**PROBLEM DESCRIPTION**
From the entries below, copy exactly the lines from the one that contains "Imagen que muestra" through the one that contains "Patrick Stewart confirma", both included, and only those.

**PROVIDED RECORDS**
[Start of Attachment]

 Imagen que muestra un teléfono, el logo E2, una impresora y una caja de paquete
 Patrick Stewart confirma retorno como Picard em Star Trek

[End of Attachment]
[Start of Attachment]

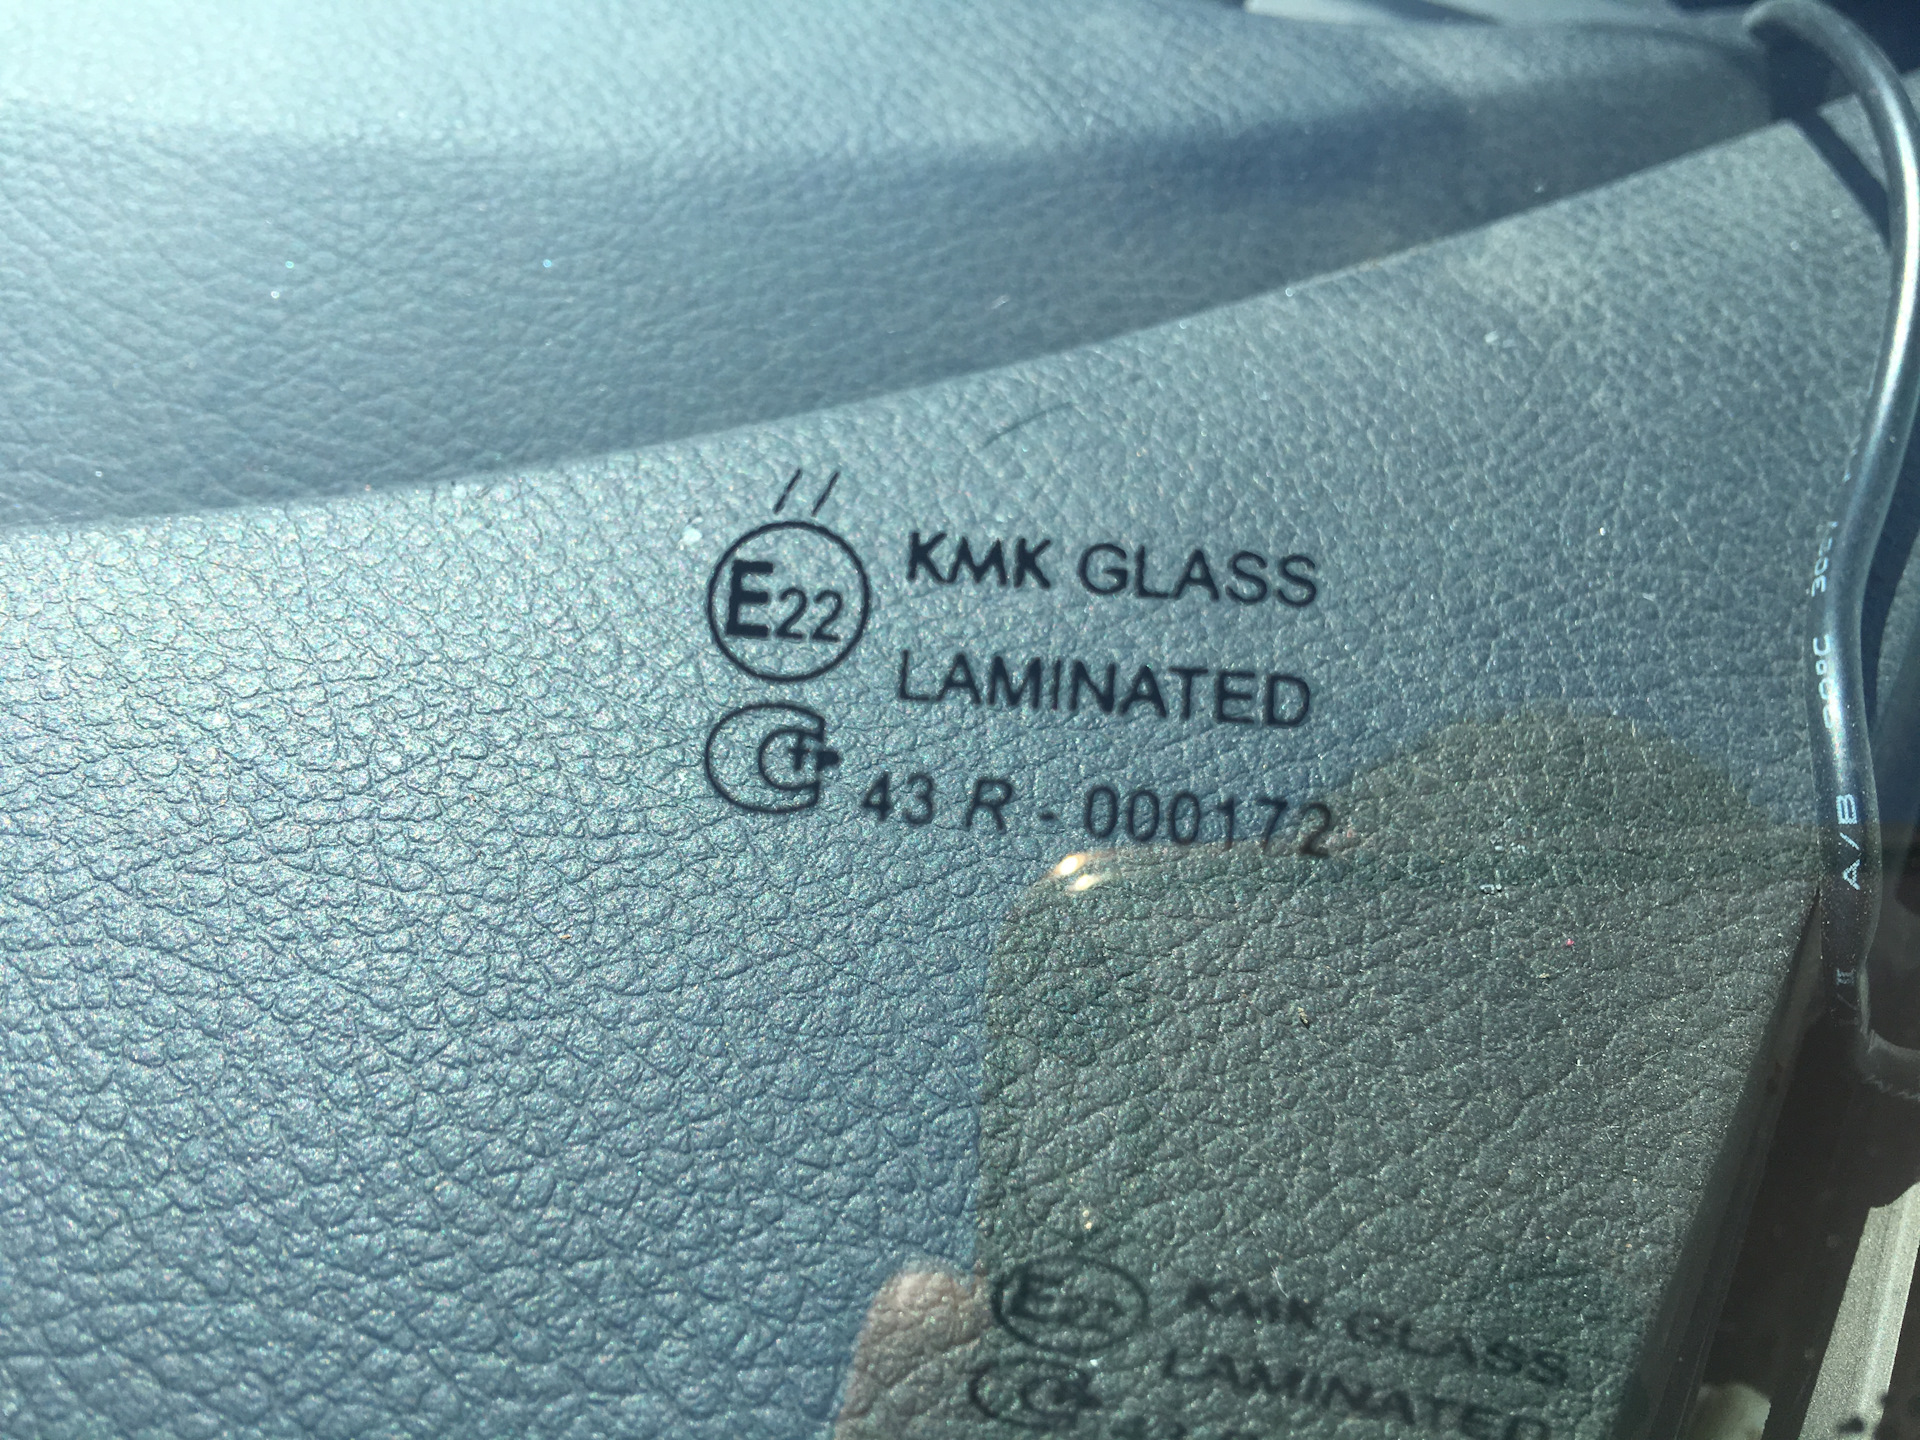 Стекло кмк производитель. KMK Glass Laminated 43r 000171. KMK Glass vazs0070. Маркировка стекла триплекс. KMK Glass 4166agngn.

[End of Attachment]

**RESULT**
 Imagen que muestra un teléfono, el logo E2, una impresora y una caja de paquete
 Patrick Stewart confirma retorno como Picard em Star Trek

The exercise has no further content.